Problem description — The expected answer is the set of lines in the data below between the line holding "Dimensions: 84 x" and the line holding "Condition: Excellent, like new condition.", inclusive, written out exactly.

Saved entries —
::::
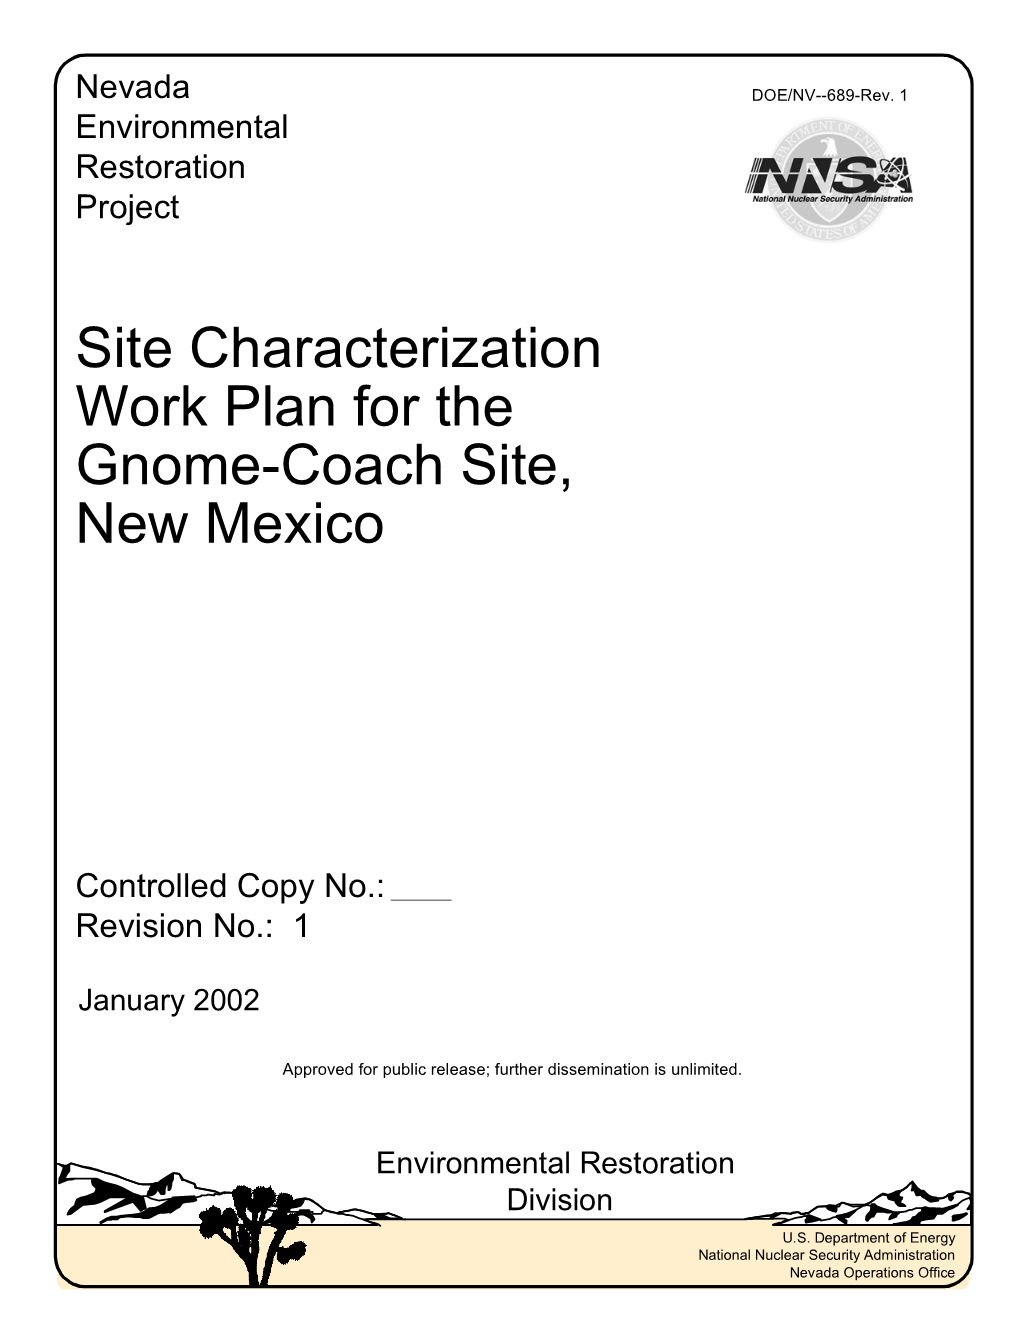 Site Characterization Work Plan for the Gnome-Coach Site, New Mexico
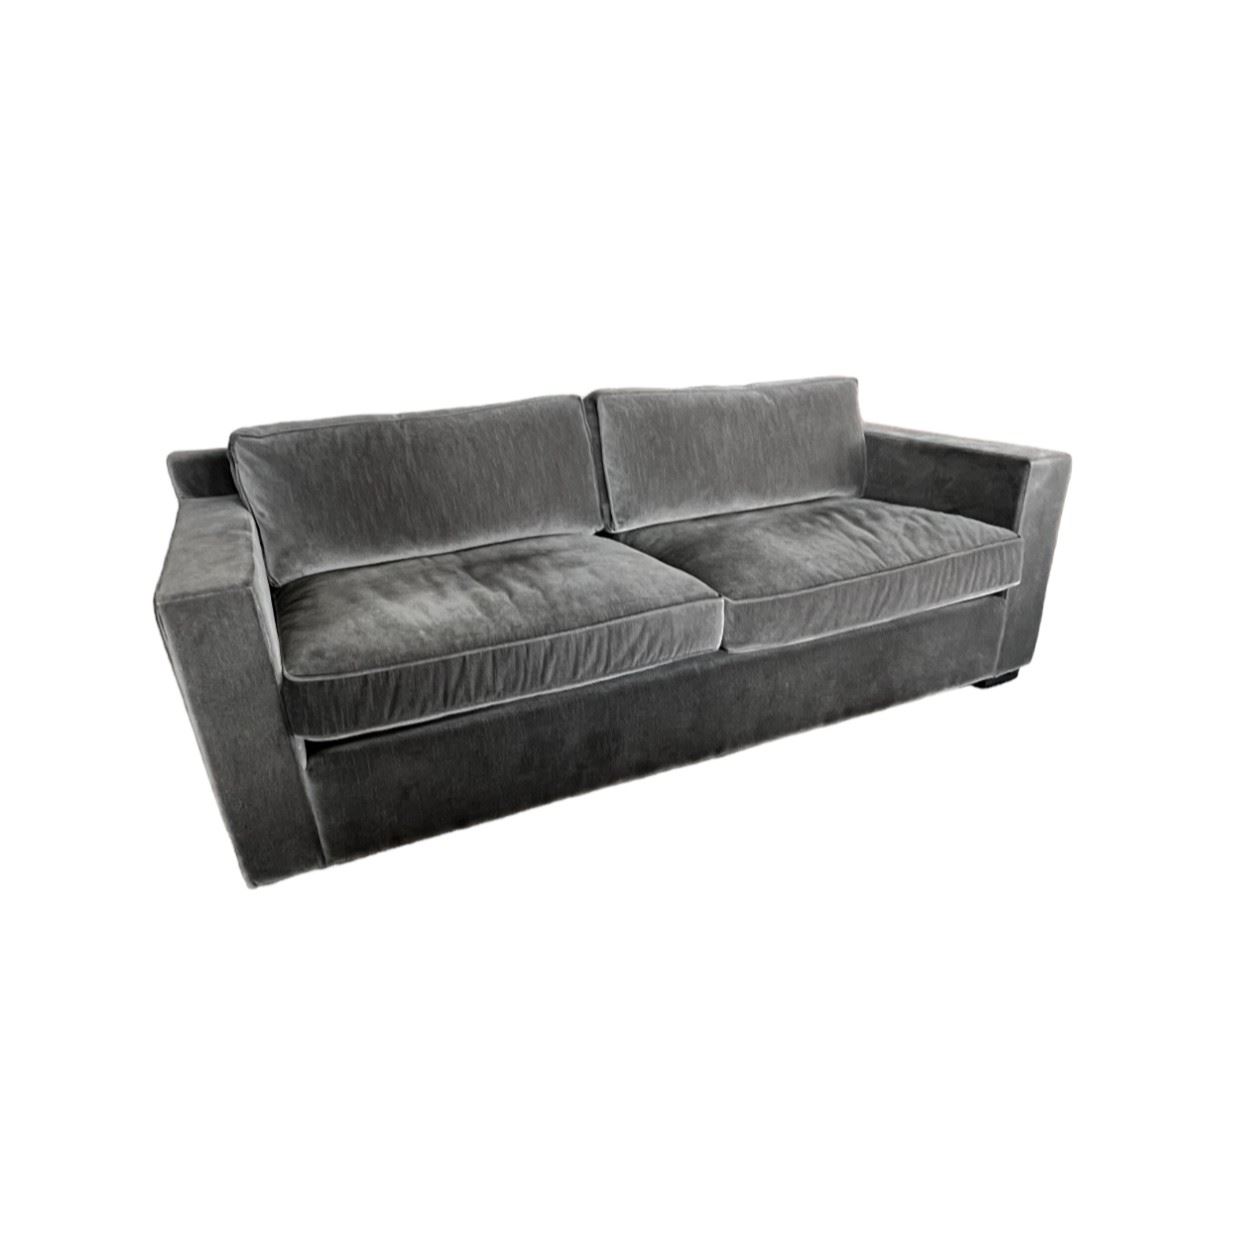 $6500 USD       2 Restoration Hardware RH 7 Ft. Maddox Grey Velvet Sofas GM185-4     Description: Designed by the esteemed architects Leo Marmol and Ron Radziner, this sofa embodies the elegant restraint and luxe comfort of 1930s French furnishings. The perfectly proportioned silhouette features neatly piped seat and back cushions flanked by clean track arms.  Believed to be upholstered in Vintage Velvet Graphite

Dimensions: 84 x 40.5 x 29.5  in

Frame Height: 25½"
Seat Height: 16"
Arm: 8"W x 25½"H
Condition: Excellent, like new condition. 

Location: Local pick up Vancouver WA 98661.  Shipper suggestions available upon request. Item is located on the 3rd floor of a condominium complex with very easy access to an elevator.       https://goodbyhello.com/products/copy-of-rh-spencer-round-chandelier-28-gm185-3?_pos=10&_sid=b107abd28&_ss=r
::::
Your solution —
Dimensions: 84 x 40.5 x 29.5  in

Frame Height: 25½"
Seat Height: 16"
Arm: 8"W x 25½"H
Condition: Excellent, like new condition. 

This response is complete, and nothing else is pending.